• _Recorded information_:
————
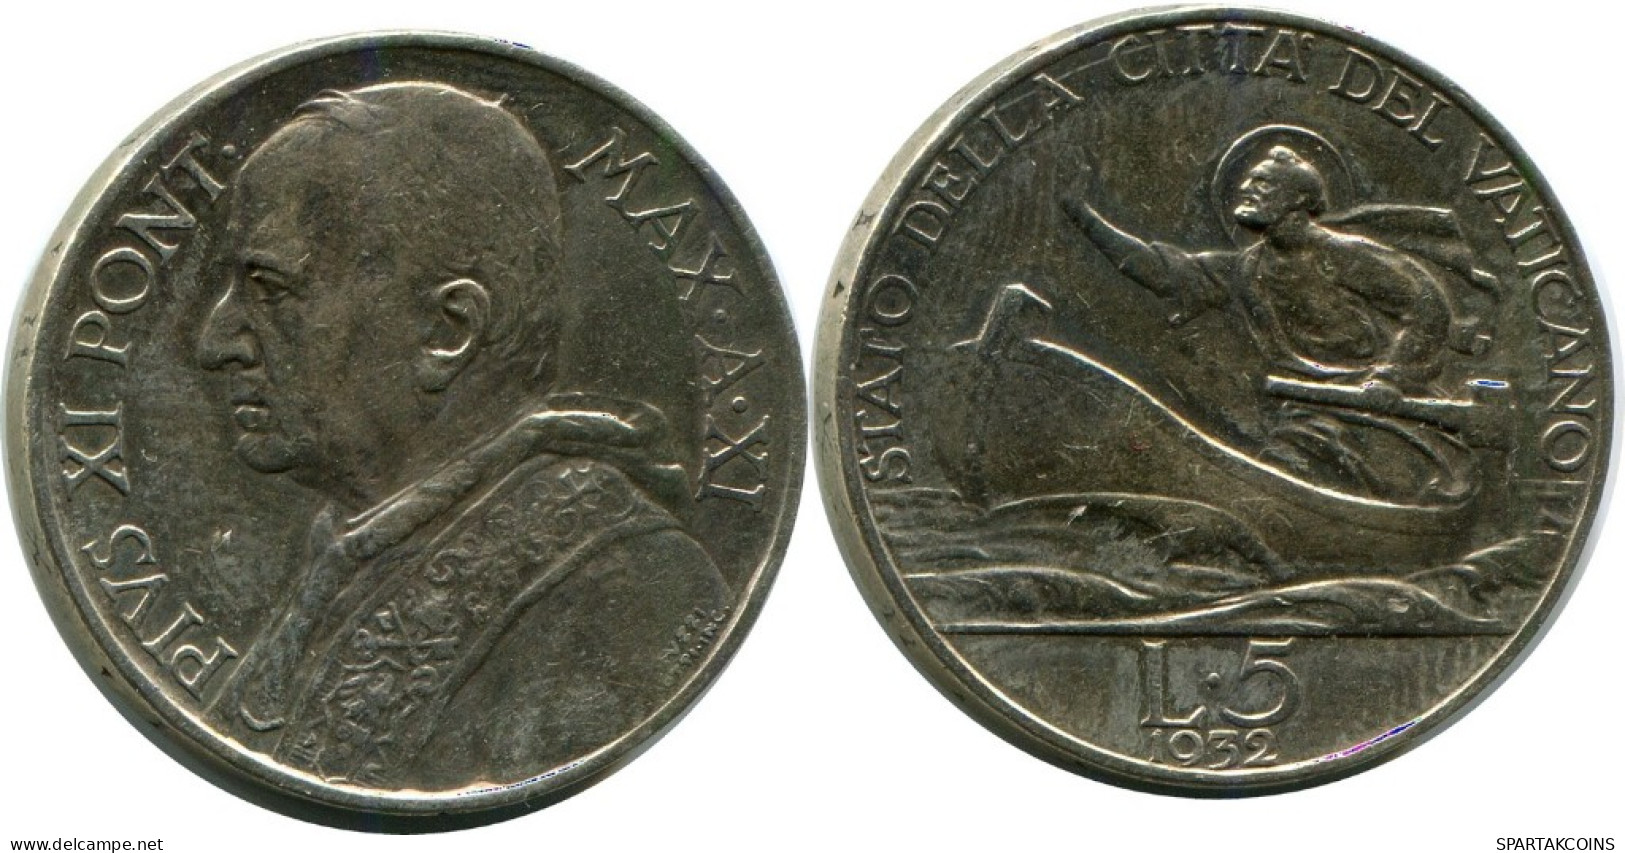 5 LIRE 1932 VATIKAN VATICAN Münze Pius XI (1922-1939) SILBER #AH329.16.D.A - Vatican
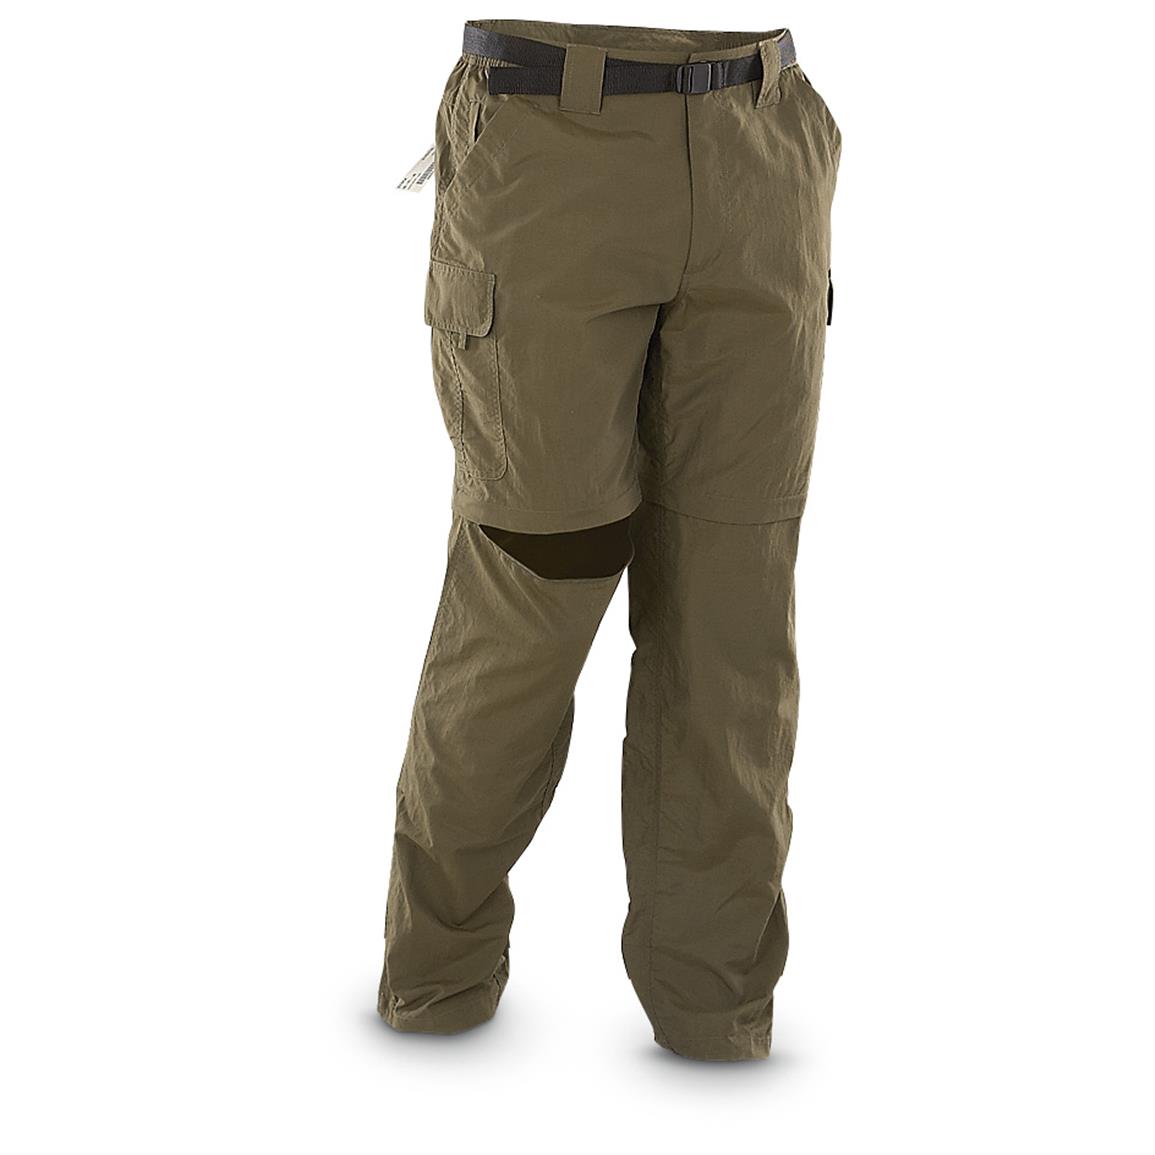 Marino Bay Nylon Baja Zip-off Pants - 627545, Jeans & Pants at ...
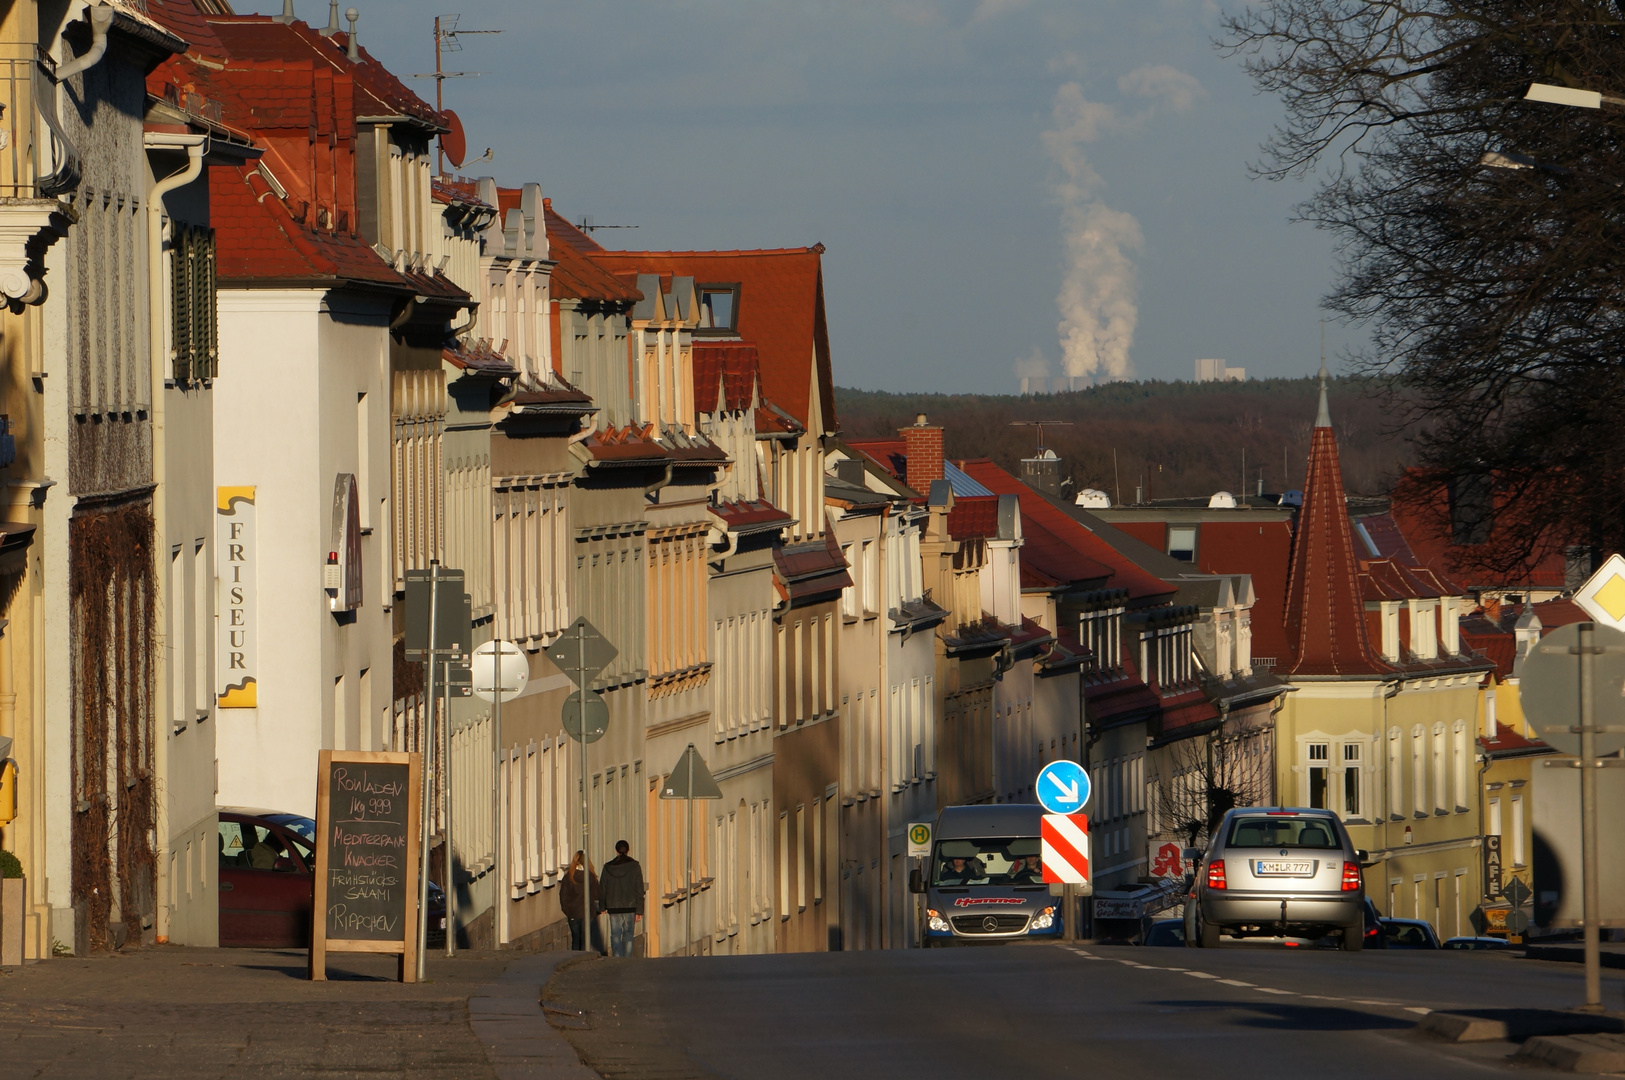 Streetview in Kamenz
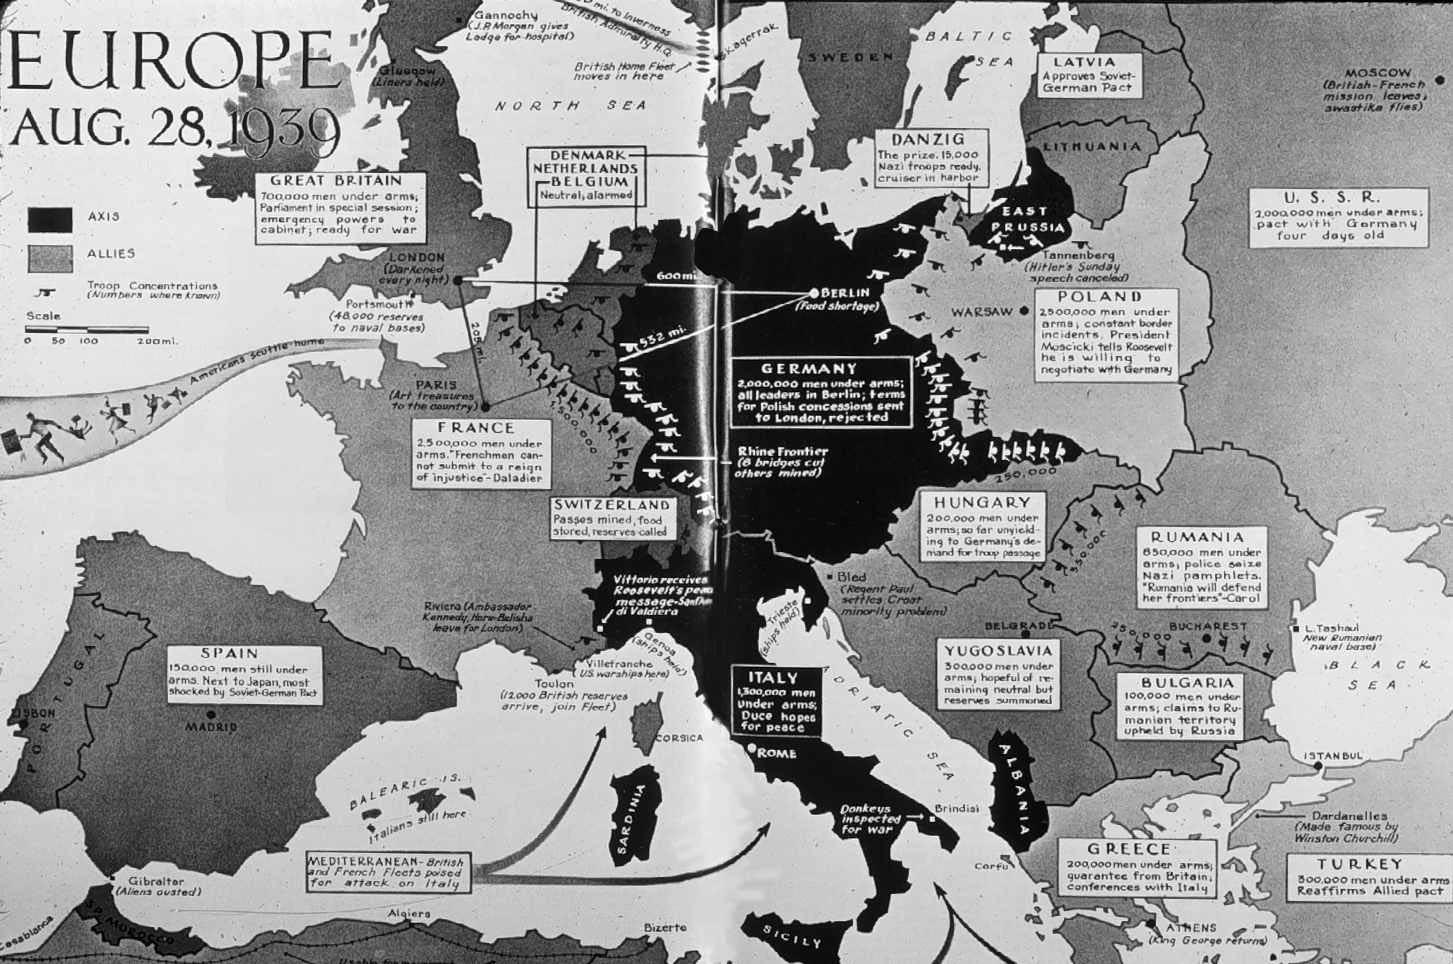 Europe Map 1939
————
• _Problem to solve_: Return the full listing above exactly as written, and omit the pictures.

• _Exercise solution_:
 5 LIRE 1932 VATIKAN VATICAN Münze Pius XI (1922-1939) SILBER #AH329.16.D.A - Vatican
 Marino Bay Nylon Baja Zip-off Pants - 627545, Jeans & Pants at ...
 Streetview in Kamenz
 Europe Map 1939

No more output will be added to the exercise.